Cabinet Secretary for Energy and Petroleum James Wandayi Opiyo joined H.E. Governor Gladys Wanga at the Homa Bay County Headquarters for a high-level consultative meeting with the Luo Council of Elders, led by National Chairperson Ker Odungi Randa. What unfolded was a compelling demonstration of collaborative governance—where national policy, county ambition, and traditional authority aligned around a shared development agenda. More than 50 stakeholders, including county executives, energy experts, elders, and community representatives, filled the modern lakeside complex overlooking Lake Victoria, a fitting backdrop for a conversation rooted in heritage yet focused firmly on the future.
The venue itself symbolized the fusion at play. Murals celebrating Luo culture lined the walls beside digital dashboards displaying county development metrics, reflecting a devolution model that respects identity while embracing innovation. CS Wandayi arrived to a warm welcome of traditional Luo drumbeats and elders in ceremonial regalia. His entrance was marked by a respectful bow to Ker Randa—an early signal that cultural authority would be central to the day’s deliberations. He opened candidly, acknowledging Nyanza’s persistent energy deficits and presenting national data on overloaded power lines, while pledging cabinet-level intervention to stabilize Homa Bay’s grid.
Over the next three hours, the meeting evolved into a robust exchange. Ker Odungi Randa articulated community priorities with measured urgency, highlighting unreliable power at more than 200 fish landing sites where outages force traders to discard fish worth an estimated KSh 50 million weekly.
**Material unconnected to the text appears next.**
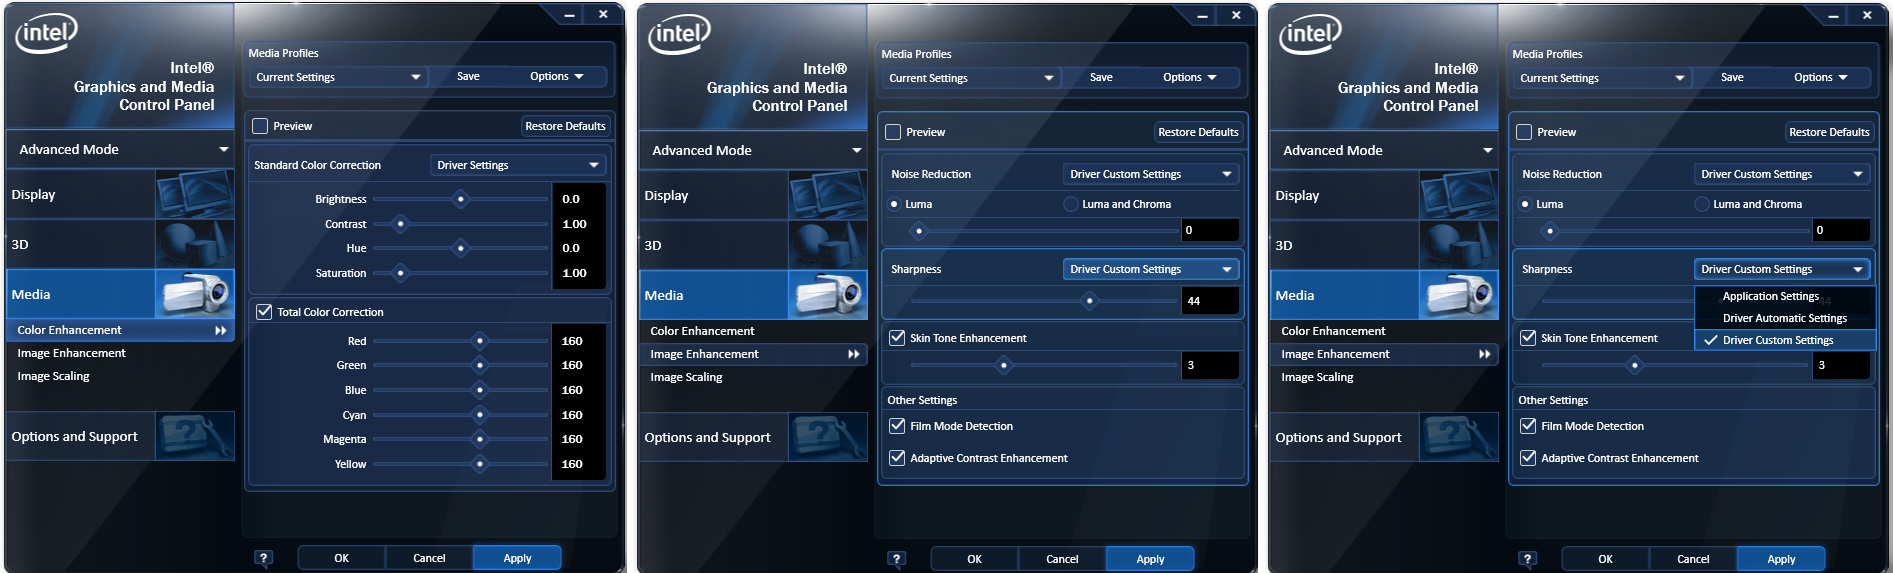 Интел график панель. Параметры графики Интел. Intel приложение. Панель управления графикой и Медиа Intel. Intel программа.
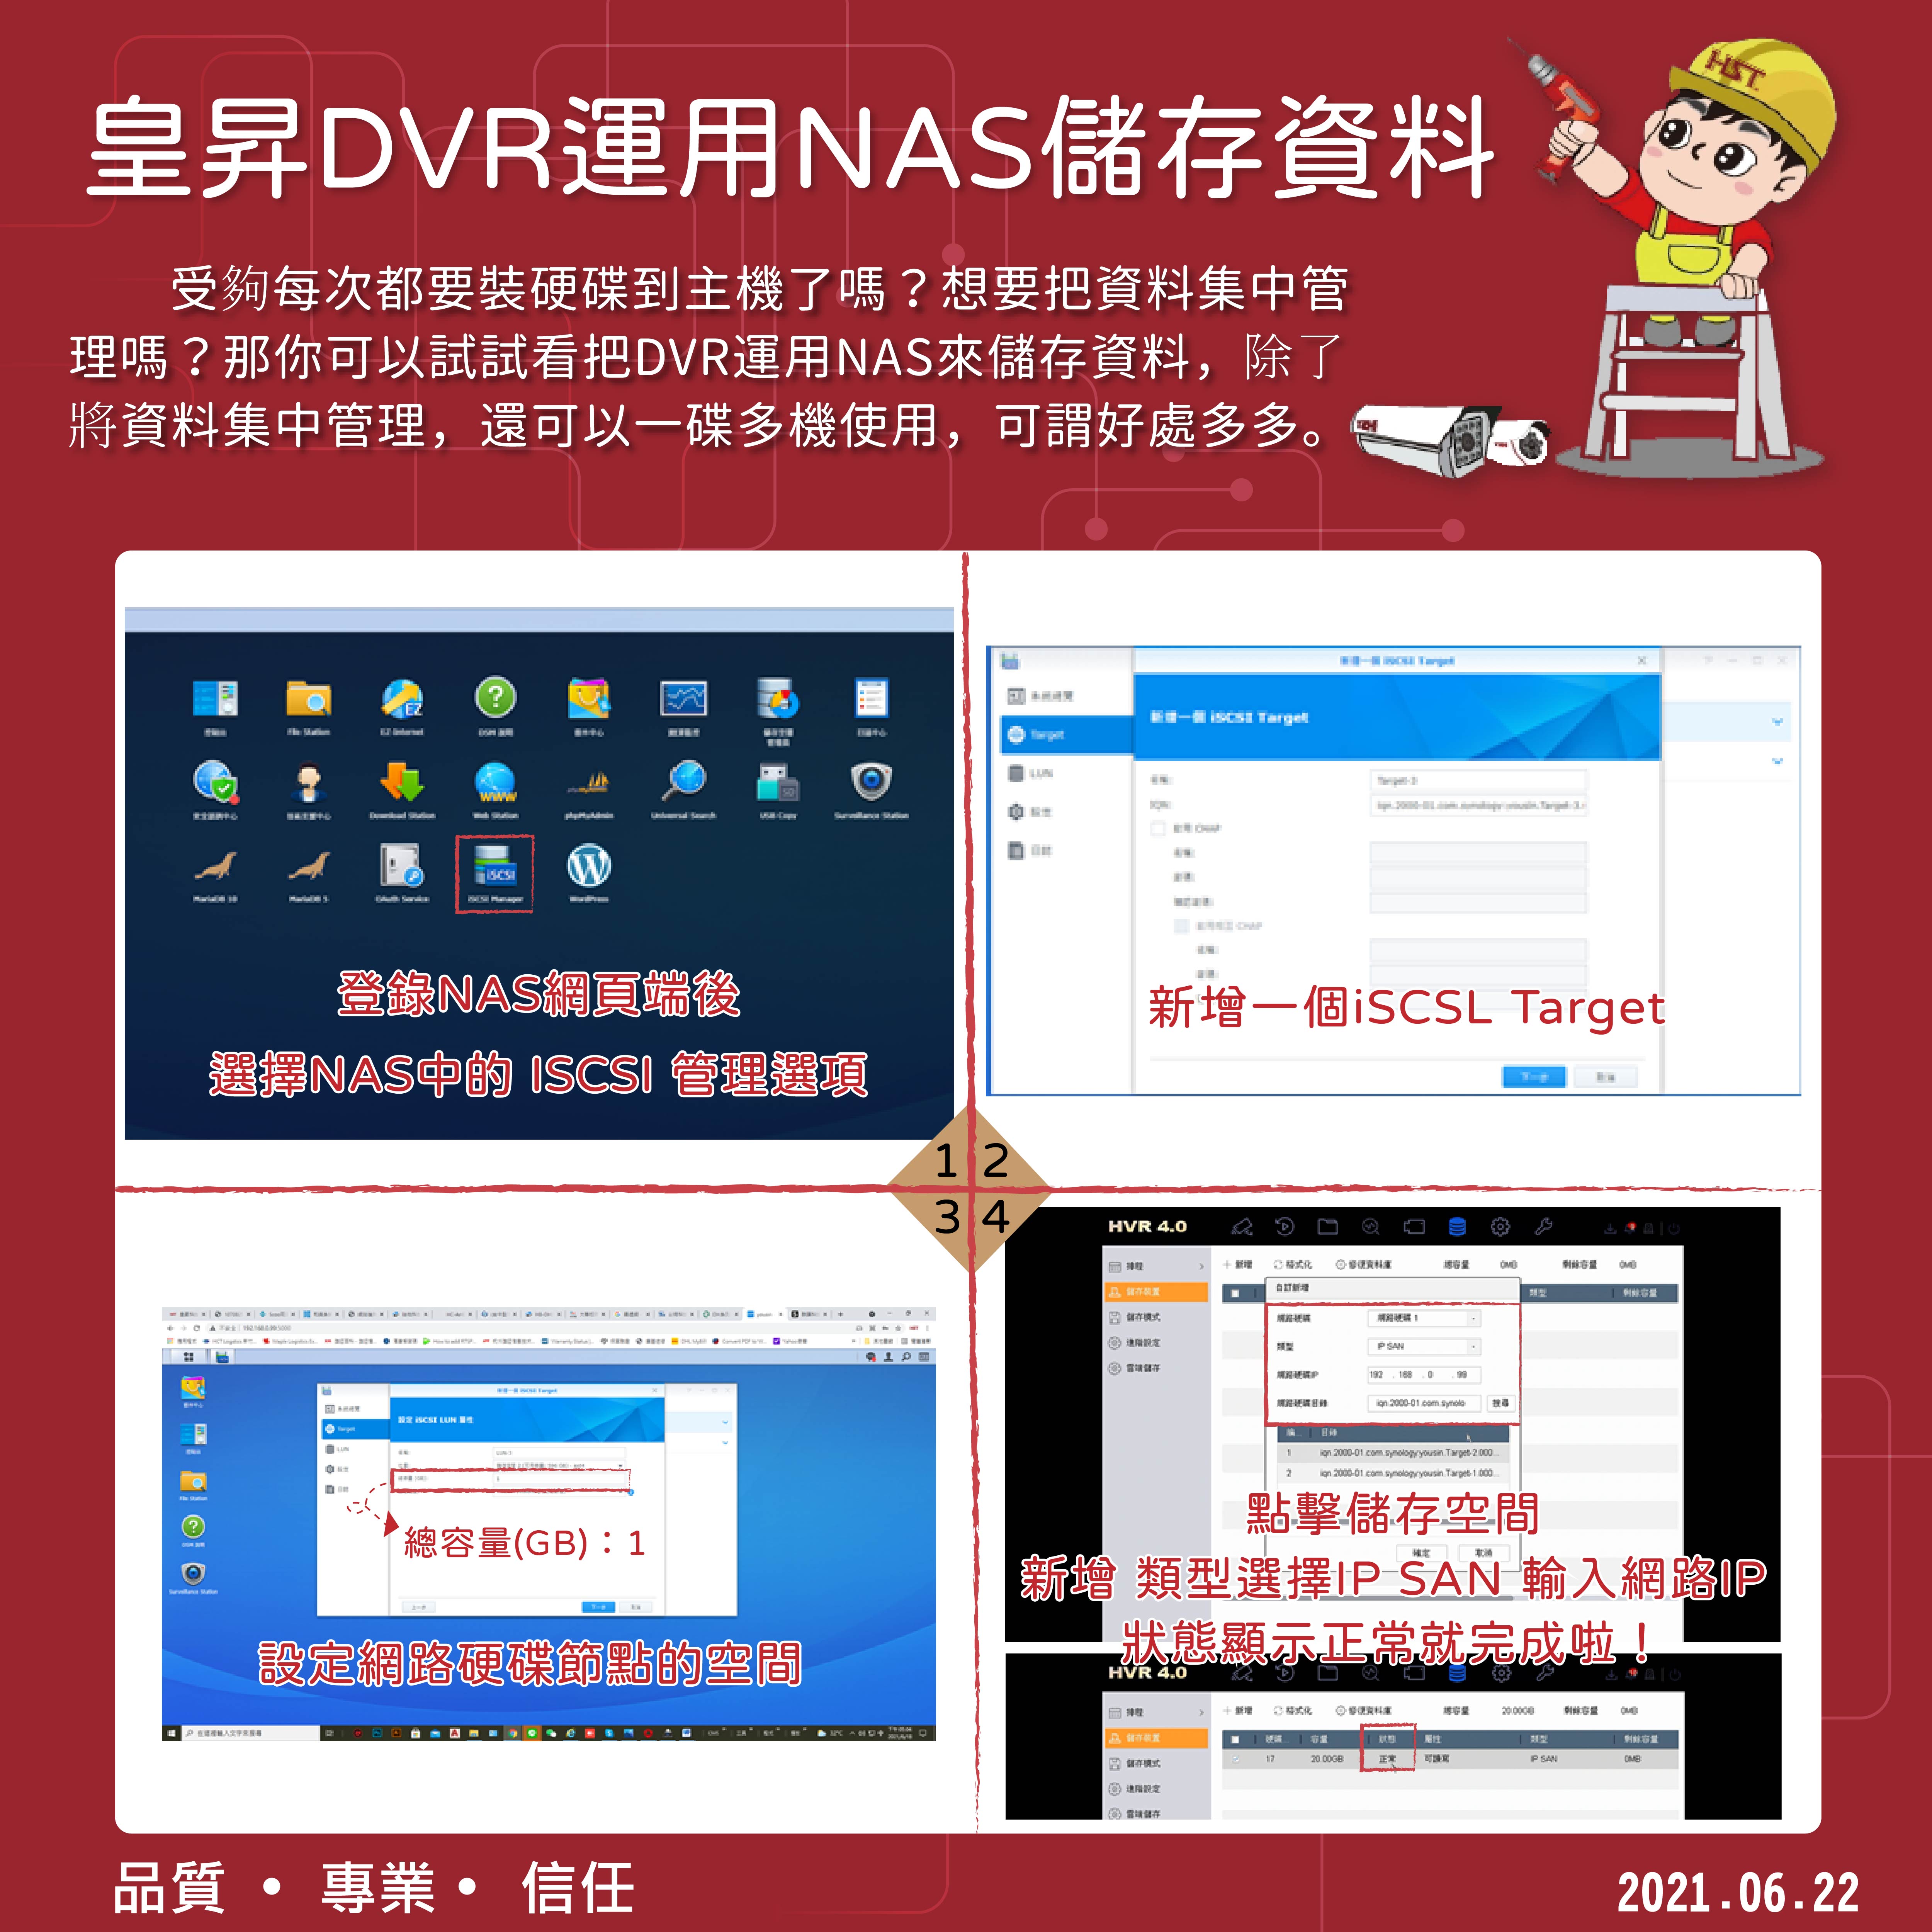 皇昇DVR運用NAS儲存資料

He also pressed for targeted youth programs to equip nearly 20,000 unemployed graduates with solar installation skills in a region grappling with youth unemployment rates approaching 70 percent. Members of the elders’ National Executive Committee—representing sub-clans from Mbita to Ndhiwa—added granular insights, identifying 15 off-grid hamlets in need of mini-grids and invoking Luo proverbs on communal stewardship to frame sustainability.
Governor Wanga anchored the discussion with her hallmark inclusivity and data-driven leadership. Using the county’s e-governance platform, she circulated a live digital agenda that ensured every voice—elder, technocrat, or community representative—was heard. She referenced the “Homa Bay Model,” noting that 5,000 women organized in cooperatives already process 30 percent of local fish production, a figure that could triple with reliable 24-hour cold storage powered by stable electricity.

CS Wandayi responded with concrete proposals rather than platitudes. He outlined plans for 10MW solar mini-grids under the Last Mile Connectivity Project, a proposed 100-kilometer transmission line linking Homa Bay to Olkaria’s geothermal power, and accelerated incentives under the Bottom-Up Economic Transformation Agenda to attract private solar firms by mid-2026. Ker Randa emphasized that development must honor cultural safeguards, calling for elder-led environmental audits and protection of sacred landing beaches. Governor Wanga bridged these positions, proposing hybrid public–private partnerships where county land would host solar farms in exchange for prioritized power supply to women’s groups and youth TVET centers.
Beyond the formal agenda, side discussions buzzed with energy. Engineers sketched feasibility ideas on notepads, elders negotiated apprenticeship quotas to guarantee at least 40 percent local employment, and policy aides drafted preliminary memoranda of understanding. The meeting culminated in a symbolic moment: Wandayi, Wanga, and Randa clasped hands over a solar panel during a joint photo-op, a visual testament to unity in a political climate often defined by division.
By early afternoon, the outcomes were tangible. CS Wandayi committed to fast-tracking KSh 2 billion in rural electrification funding and to convening a national–county energy taskforce by January 2026. The Luo Council of Elders pledged to anchor youth skilling programs that blend traditional fishing knowledge with modern technology, while overseeing sustainable fisheries through community-enforced conservation zones. Governor Wanga, in turn, committed 15 percent of her KSh 12 billion 2025/26 county budget to energy co-financing, linking reliable power to expanded digital services and the growth of women-led enterprises from KSh 1.2 billion to a projected KSh 4 billion in annual turnover.
As participants shared a working lunch of lake-fresh tilapia, informal agreements crystalized into action plans: bi-weekly technical meetings, elder participation in project monitoring via a dedicated council dashboard, and joint advocacy for timely national treasury disbursements. County engineers departed with direct cabinet-level contacts, elders carried draft MOUs defining their oversight roles, and the governor’s team moved swiftly to integrate solar targets into the county’s 100-day devolution scorecard.
What transpired at Homa Bay County Headquarters stands as a vivid illustration of devolution’s promise under Article 174 of the Constitution. A cabinet secretary listening to folktales of resilient fishing communities, a governor translating tradition into enforceable policy, and a council of elders stepping forward as development partners—this was governance as a living partnership. In a nation still navigating ethnic and political fault lines, Homa Bay offered a different script: listen deeply, commit boldly, and deliver together.